Few authors reach the fame of Jane
Jacobs, whose masterpiece The Death and Life of Great Americ an Cities celebrates its 50th anniversary
this year. In the best tradition of radical reformers, Jacobs wrote and acted
to influence the political process and offer constructive options to urban
sprawl and decline.
In examining urban settlements
through history, Jacobs concluded that “lively diverse, intense cities contain
the seeds of their own regeneration.” She saw cities as dynamic eco-systems that
required those designing and preserving the built environment to respect
natural patterns of human use and interaction.
For Jacobs, diversity was a natural
part of neighborhood evolution. “You don’t get new products and services out of
sameness, she said. “This is one of the things that is boring people – this
sameness. All kinds of things show us … that the more diverse we are in what we
can do the better.”
Jacobs had little patience for
standardization and far less for regulation.
And as a grassroots urban activist, she continued to rail against
federal intercession in local affairs that caused the “self-destruction of
diversity.” Jacobs offered an alternative she called “unslumming and its
accompanying self-diversification.” She
urged the continued but gradual flow of money and public buildings into established
communities.
While Jacobs spoke critically of planning and
planners, she encouraged people to enjoy and think about their environments.
After decades of fighting the establishment, Jacobs welcomed the emergence of
environmental and community groups pressing for green infill development,
sustainable smart growth, and the reclamation of degraded land.
Jacobs died in 2006, the year after
the Sierra Club published a guide to “Americ a’s
best new development projects.” The Sierra Club report highlighted twelve
projects “based on their ability to offer transportation choices, revitalize
neighborhoods, and preserve local values” – characteristics that Jacobs had
proffered a half century earlier. Given more time, she undoubtedly would have
reported on the evolution of these projects and the way these communities have
embraced their diversity through affordable, green developments.

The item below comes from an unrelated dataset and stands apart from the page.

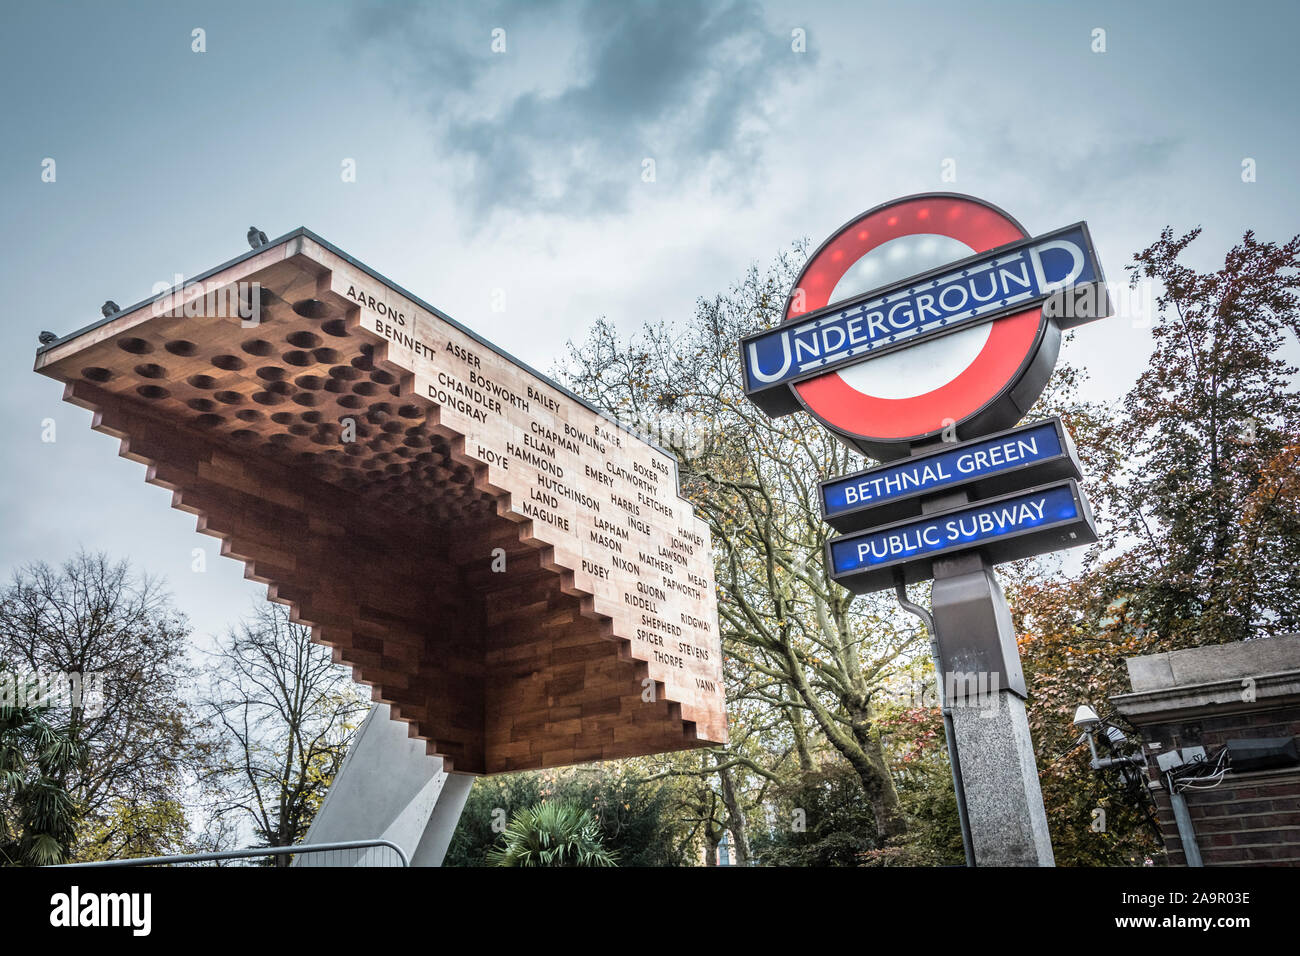 Bethnal Green Public Subway Memorial by Arboreal Architecture, Bethnal Green Underground Station, Londra, Inghilterra, Regno Unito Foto Stock

Jacobs urged in The Death and
Life of Great American Cities that we imbue our cities and their neighborhoods
with the ability to update, enliven, and repair themselves by breaking
traditional barriers, taking a balanced, regional approach, and promoting
inclusive growth. If successful, she told
us, they would be “sought after, out of choice, by a new generation.” That generation, and all generations, still
have much to learn from Jacobs’ words and wisdom.